The Kaleys counter (as does the dissent, post, at 7) that apparently inconsistent findings are not really so, because the prosecutor could have presented scantier evidence to the judge than he previously offered the grand jury. Suppose, for example, that at the judicial hearing the prosecutor put on only “one witness instead of all five”; then, the Kaleys maintain, the judge’s decision of no probable cause would mean only that “the Government did not satisfy its burden[ ] on that one day in time.” Tr. of Oral Arg. 12, 18; see Reply Brief 11–12. But we do not think that hypothetical solves the problem. As an initial matter, it does not foreclose a different fact pattern: A judge could hear the exact same evidence as the grand jury, yet respond to it differently, thus rendering what even the Kaleys must concede is a contradictory finding. And when the Kaleys’ hypothetical is true, just what does it show? Consider that the prosecutor in their example has left home some of the witnesses he took to the grand jury—presumably because, as we later discuss, he does not yet wish to reveal their identities or likely testimony. See infra, at 14–15. The judge’s ruling of no probable cause therefore would not mean that the grand jury was wrong: As the Kaleys concede, the grand jury could have heard more than enough evidence to find probable cause that they committed the crimes charged. The Kaleys would win at the later hearing despite, not because of, the case’s true merits. And we would then see still less reason for a judge to topple the grand jury’s (better supported) finding of probable cause.

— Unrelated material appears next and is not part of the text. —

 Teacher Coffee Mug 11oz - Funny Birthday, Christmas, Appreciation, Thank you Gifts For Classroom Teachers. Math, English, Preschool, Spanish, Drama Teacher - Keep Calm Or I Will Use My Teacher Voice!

Our reasoning so far is straightforward. We held in Monsanto that the probable cause standard governs the pre-trial seizure of forfeitable assets, even when they are needed to hire a lawyer. And we have repeatedly affirmed a corollary of that standard: A defendant has no right to judicial review of a grand jury's determination of probable cause to think a defendant committed a crime. In combination, those settled propositions signal defeat for the Kaleys because, in contesting the seizure of their property, they seek only to relitigate such a grand jury finding.

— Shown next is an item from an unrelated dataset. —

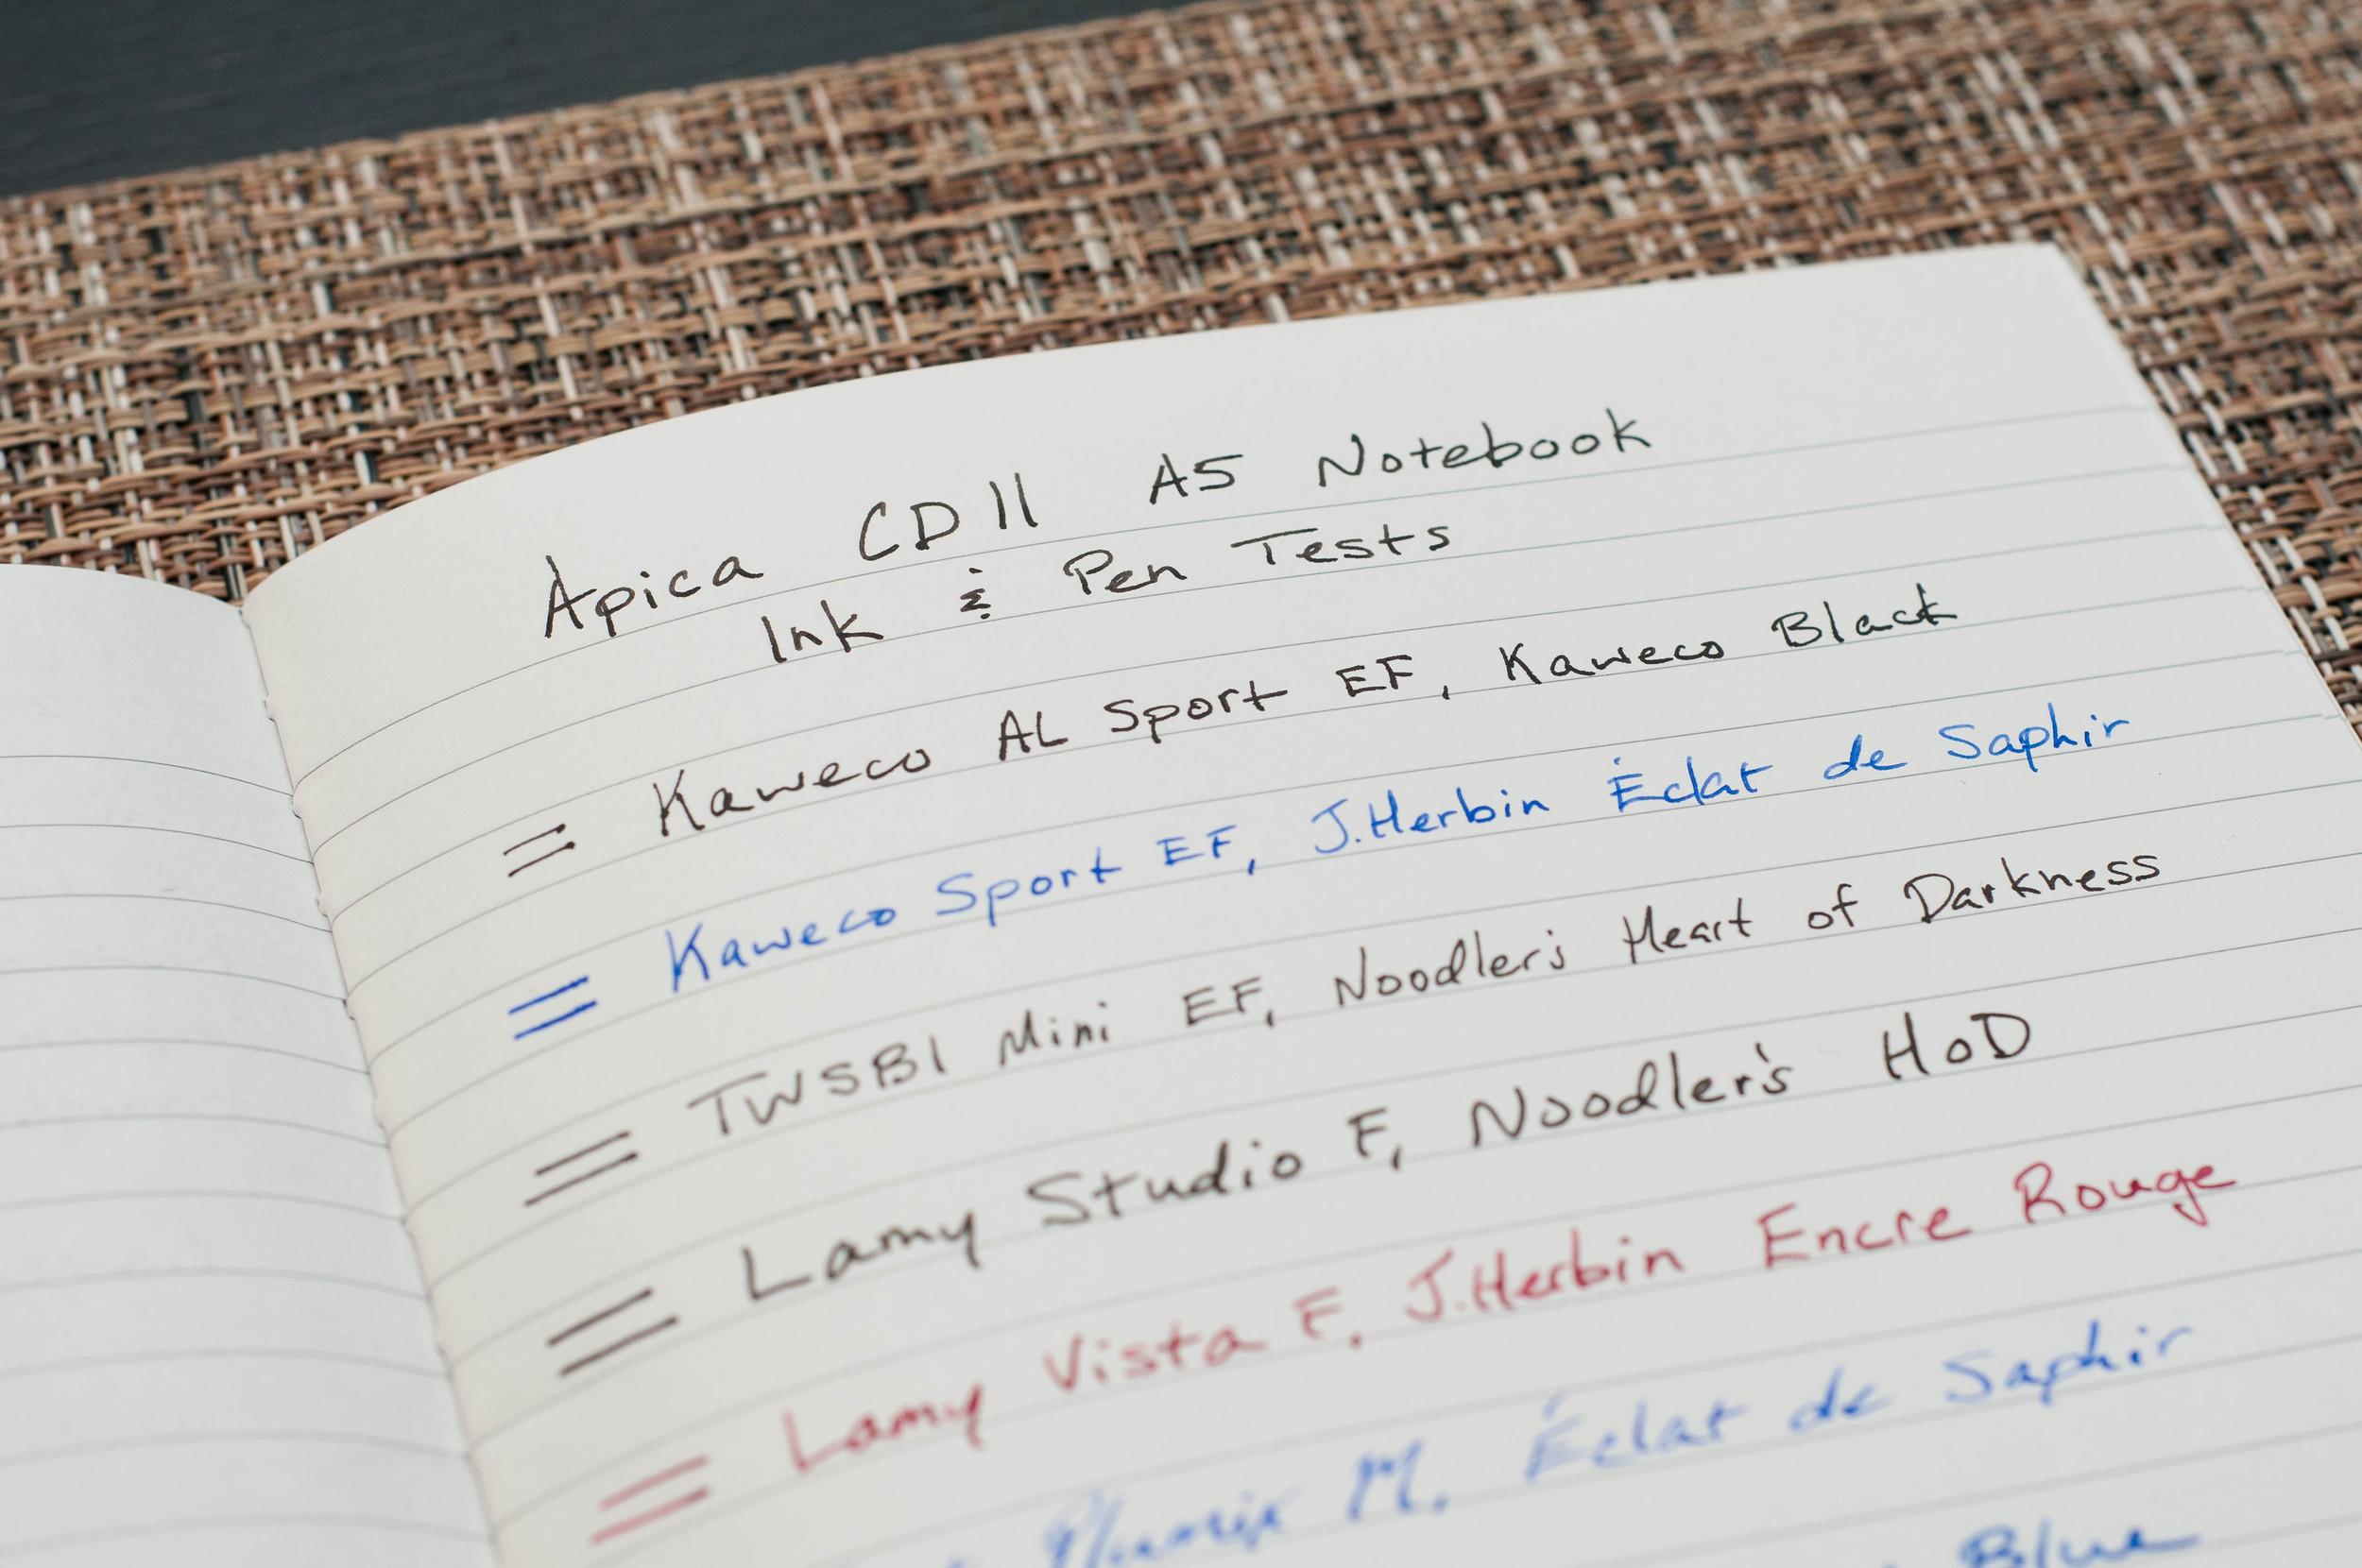 Apica CD Notebook Ink Test.jpg

The Kaleys would have us undertake a different analysis, which they contend would lead to a different conclusion. They urge us to apply the balancing test of Mathews v. Eldridge, 424 U. S. 319 (1976) , to assess whether they have received a constitutionally sufficient opportunity to challenge the seizure of their assets. See Brief for Petitioners 32–64. Under that three-pronged test (reordered here for expositional purposes), a court must weigh (1) the burdens that a requested procedure would impose on the Government against (2) the private interest at stake, as viewed alongside (3) “the risk of an erroneous deprivation” of that interest without the procedure and “the probable value, if any, of [the] additional . . . procedural safeguard[ ].” Mathews, 424 U. S., at 335. Stressing the importance of their interest in retaining chosen counsel, the Kaleys argue that the Mathews balance tilts hardin their favor. It thus overrides—or so the Kaleys claim—all we have previously held about the finality of grand jury findings, entitling them to an evidentiary hearing be-fore a judge to contest the probable cause underlying the indictment.

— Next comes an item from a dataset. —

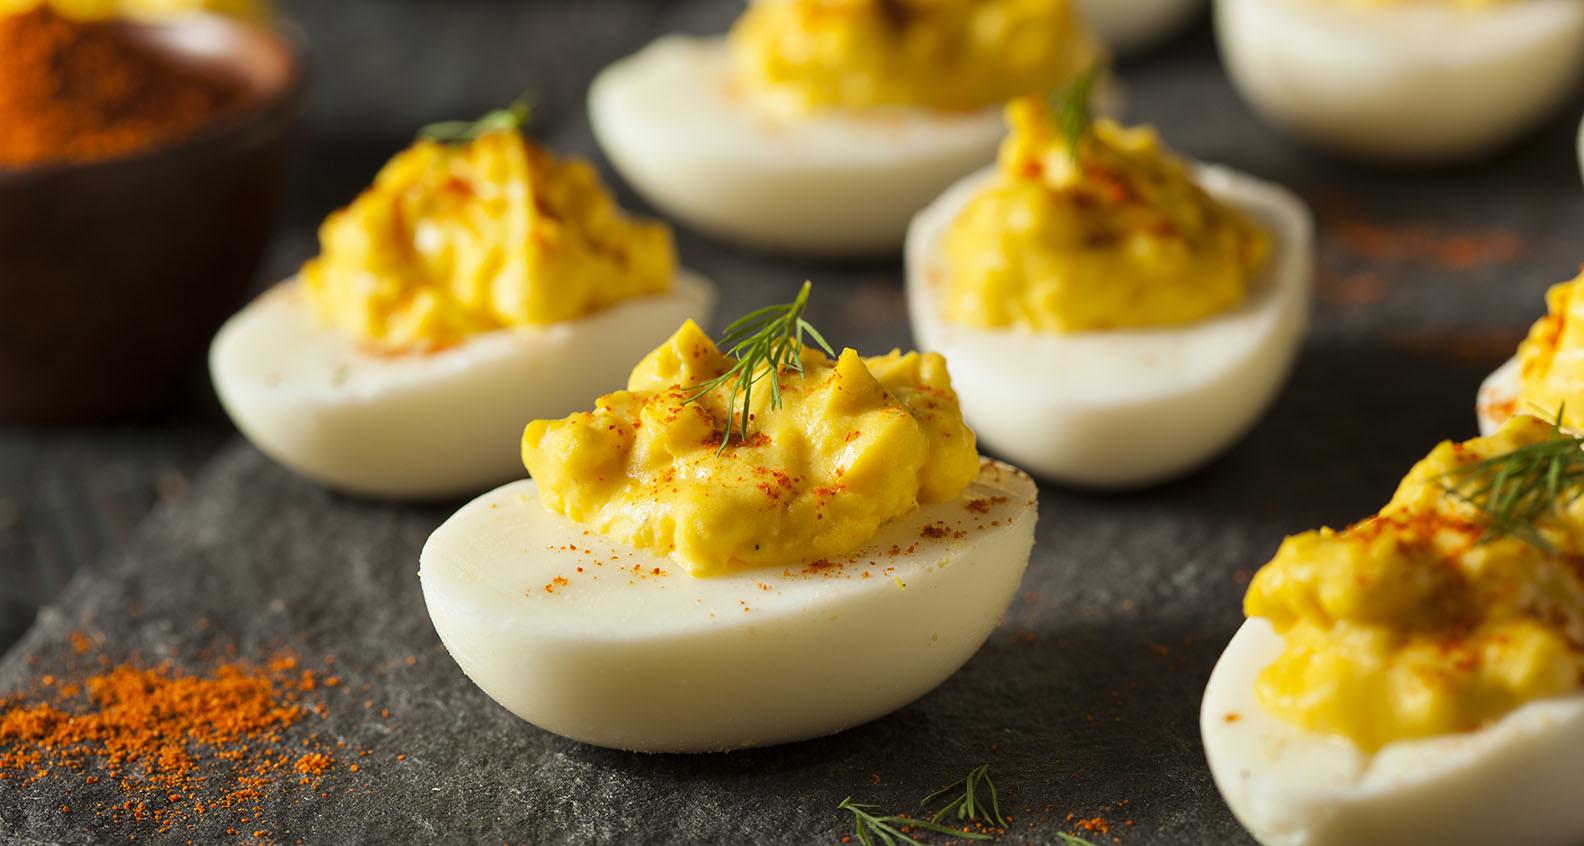 Deviled eggs 5ways hero

The Government battles with the Kaleys over whether Mathews has any application to this case. This Court devised the test, the Government notes, in an administrative setting—to decide whether a Social Security recipient was entitled to a hearing before her benefits were terminated. And although the Court has since employed the approach in other contexts, the Government reads Medina v. California, 505 U. S. 437 (1992) , as foreclosing its use here. In that case, we held that “the Mathews balancing test does not provide the appropriate framework for assessing the validity of state procedural rules which . . . are part of the criminal process,” reasoning that because the “Bill of Rights speaks in explicit terms to many aspects of criminal procedure,” the Due Process Clause “has limited operation” in the field. Id., at 443. That settles that, asserts the Government. See Brief for United States 18. But the Kaleys argue that Medina addressed a State’s procedural rule and relied on federalism principles not implicated here. Further, they claim that Medina concerned a criminal proceeding proper, not a collateral action seizing property. See Reply Brief 1–5. As to that sort of action, the Kaleys contend, Mathews should govern.
We decline to address those arguments, or to define the respective reach of Mathews and Medina, because we need not do so. Even if Mathews applied here—even if, that is, its balancing inquiry were capable of trumping this Court’s repeated admonitions that the grand jury’s word is conclusive—the Kaleys still would not be entitled to the hearing they seek. That is because the Mathews test tips against them, and so only reinforces what we have already said. As we will explain, the problem for the Kaleys comes from Mathews’ prescribed inquiry into the requested procedure’s usefulness in correcting erroneous deprivations of their private interest. In light of Monsanto’s holding that a seizure of the Kaleys’ property is erroneous only if unsupported by probable cause, the added procedure demanded here is not sufficiently likely to make any difference.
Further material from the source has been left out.